Bioorg Med Chem. 2017 Oct 15;25(20):5490-5505. doi: 10.1016/j.bmc.2017.08.012.

Yong-Jin Wu ¹, Jason Guernon ², Andrea McClure ², Guanglin Luo ², Ramkumar Rajamani ², Alicia Ng ³, Amy Easton ², Amy Newton ², Clotilde Bourin ², Dawn Parker ², Kathleen Mosure ², Omar Barnaby ², Matthew G Soars ², Ronald J Knox ², Michele Matchett ², Rick Pieschl ², James Herrington ², Ping Chen ², D V Sivarao ², Linda J Bristow ², Nicholas A Meanwell ², Joanne Bronson ², Richard Olson ², Lorin A Thompson ², Carolyn Dzierba ²

Affiliations

1 Bristol-Myers Squibb Research and Development, 5 Research Parkway, Wallingford, CT 06492-7660, USA. Electronic address: yong-jin.wu@bms.com.
2 Bristol-Myers Squibb Research and Development, 5 Research Parkway, Wallingford, CT 06492-7660, USA.
3 One Squibb Drive, New Brunswick, NJ 08903, USA.

PMID: 28818462 DOI: 10.1016/j.bmc.2017.08.012

Abstract

Since zwitterionic benzenesulfonamide Na_v1.7 inhibitors suffer from poor membrane permeability, we sought to eliminate this characteristic by replacing the basic moiety with non-basic bicyclic acetals and monocyclic ethers.

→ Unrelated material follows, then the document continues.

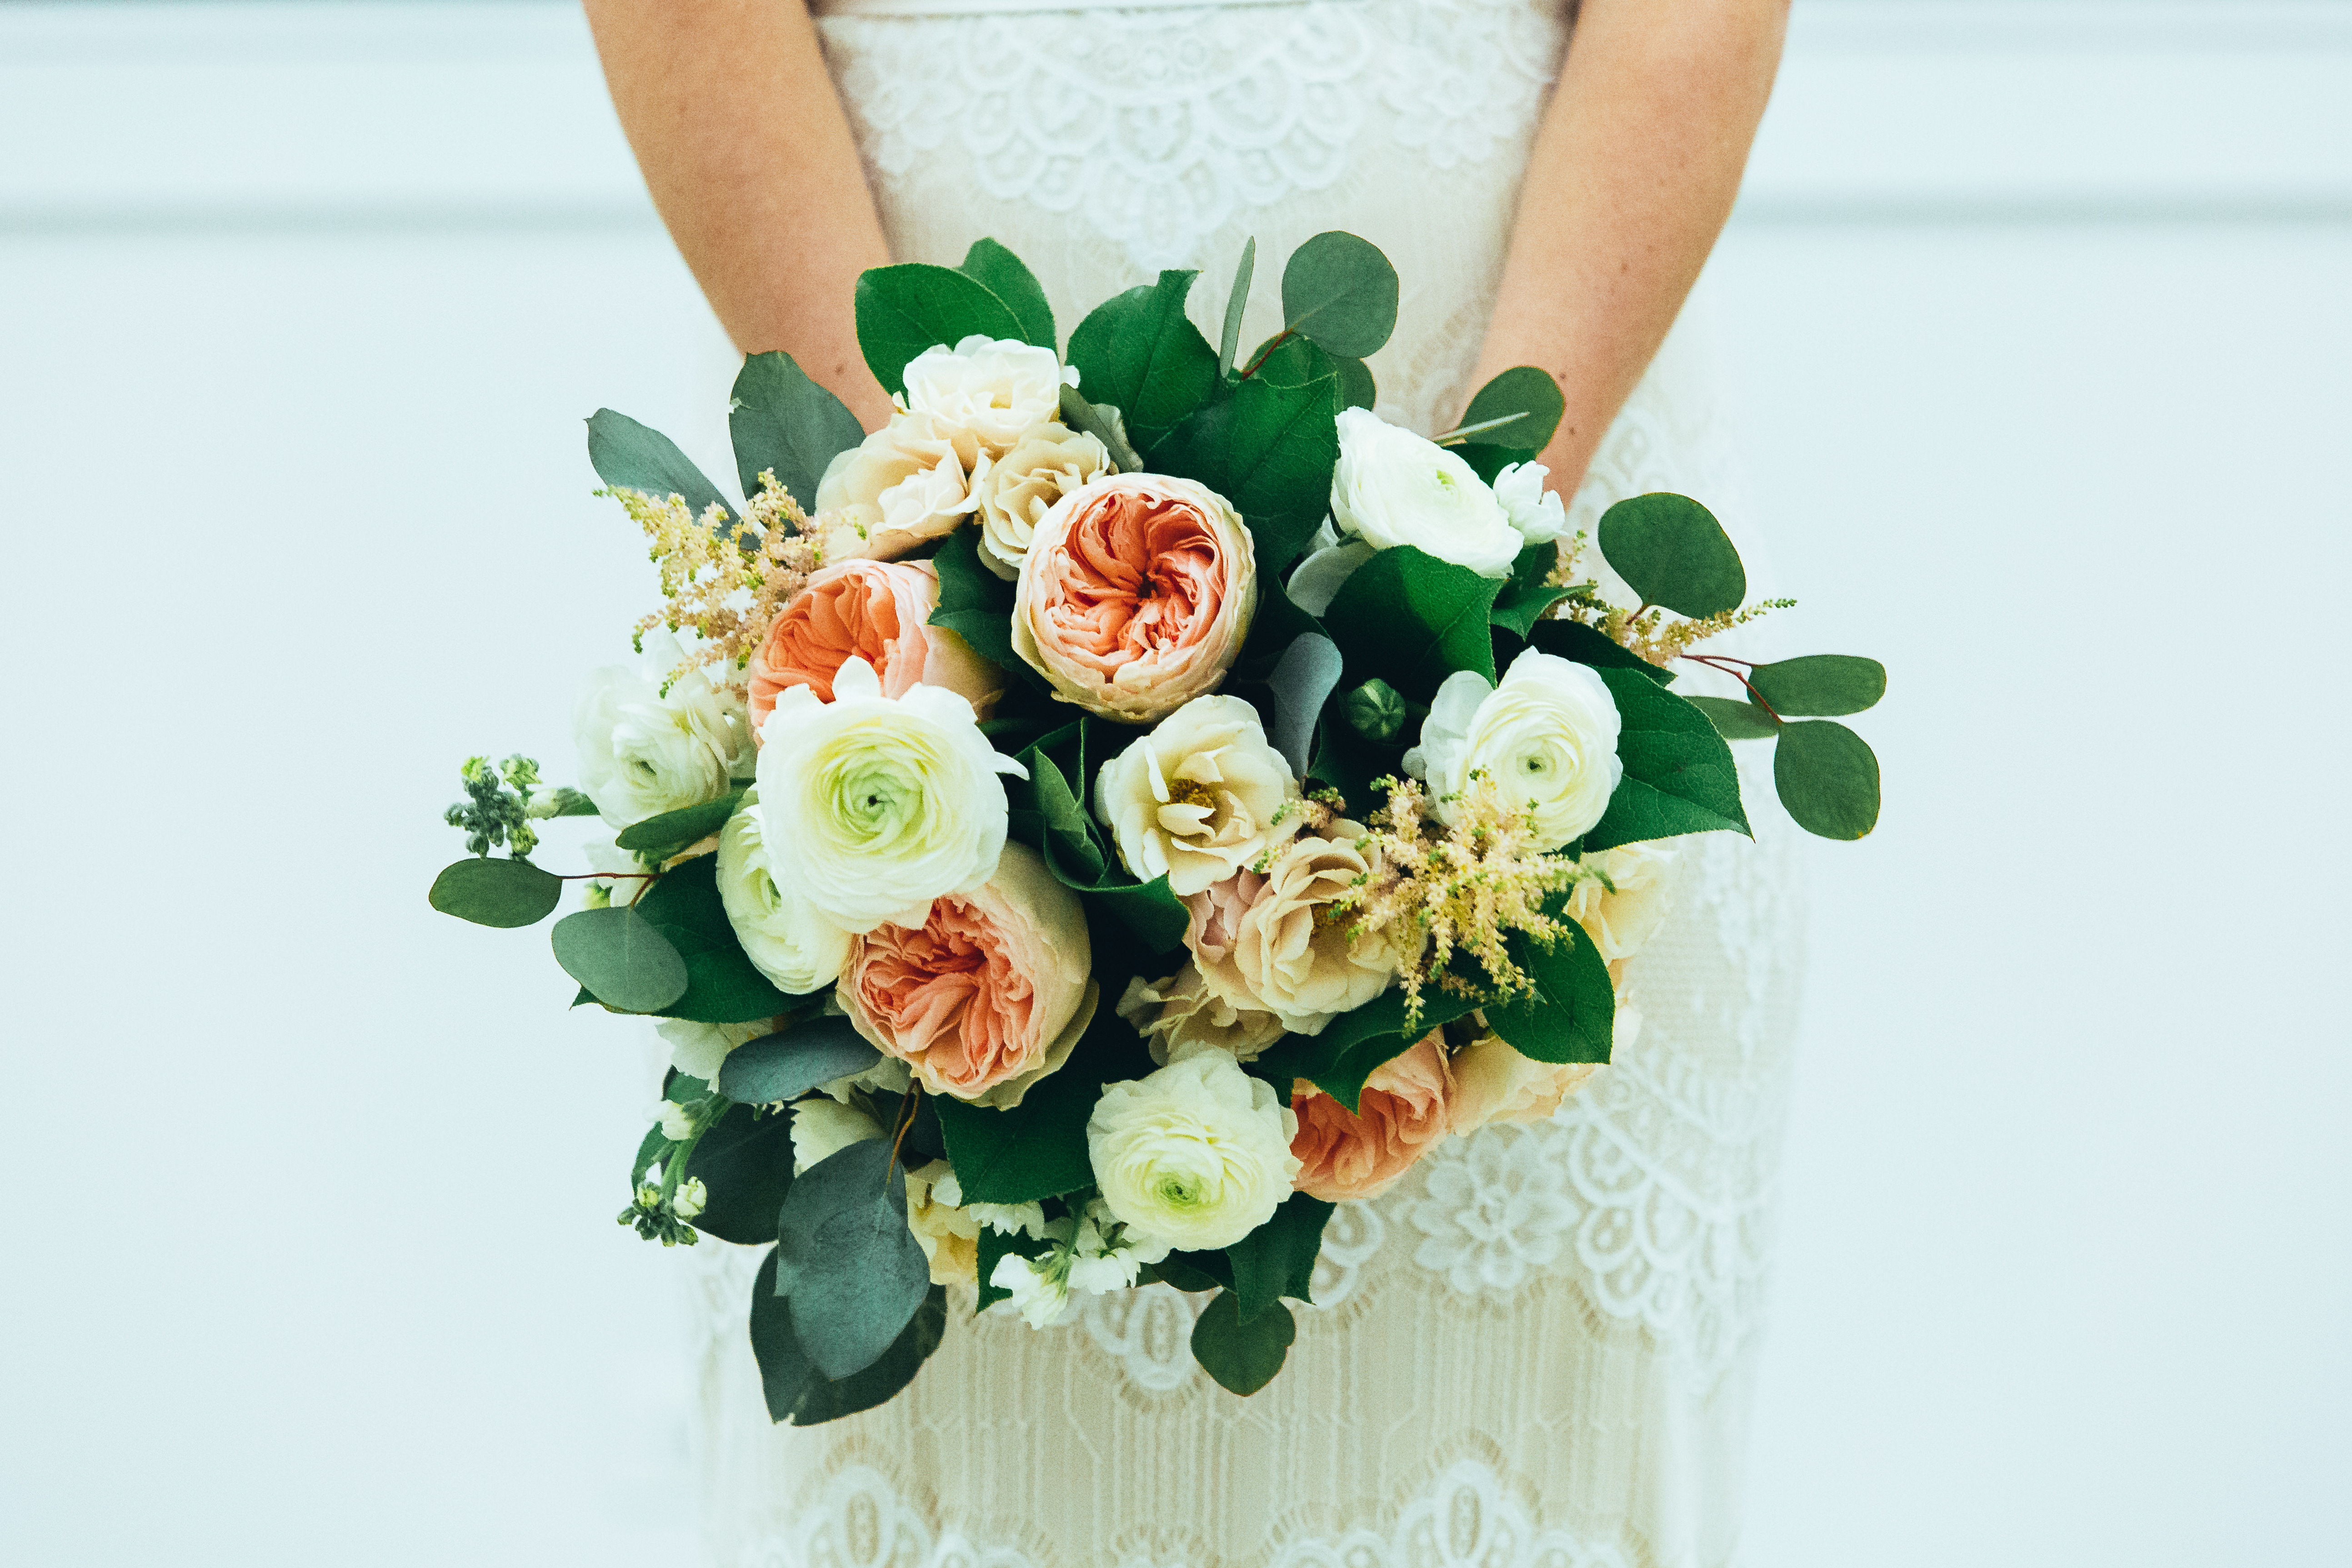 Coral garden roses in bridal bouquet with champagne astilbe, ranunculus, and lisianthus.

These efforts led to the discovery of the non-zwitterionic aryl sulfonamide 49 as a selective Na_v1.7 inhibitor with improved membrane permeability. Despite its moderate cellular activity, 49 exhibited robust efficacy in mouse models of neuropathic and inflammatory pain and modulated translational electromyogram measures associated with activation of nociceptive neurons.

Keywords

Benzenesulfonamide; Membrane permeability; Na(v)1.7 inhibitor; Neuropathic and inflammatory pain; Nociceptive flexion reflex (NFR); Translational electromyogram.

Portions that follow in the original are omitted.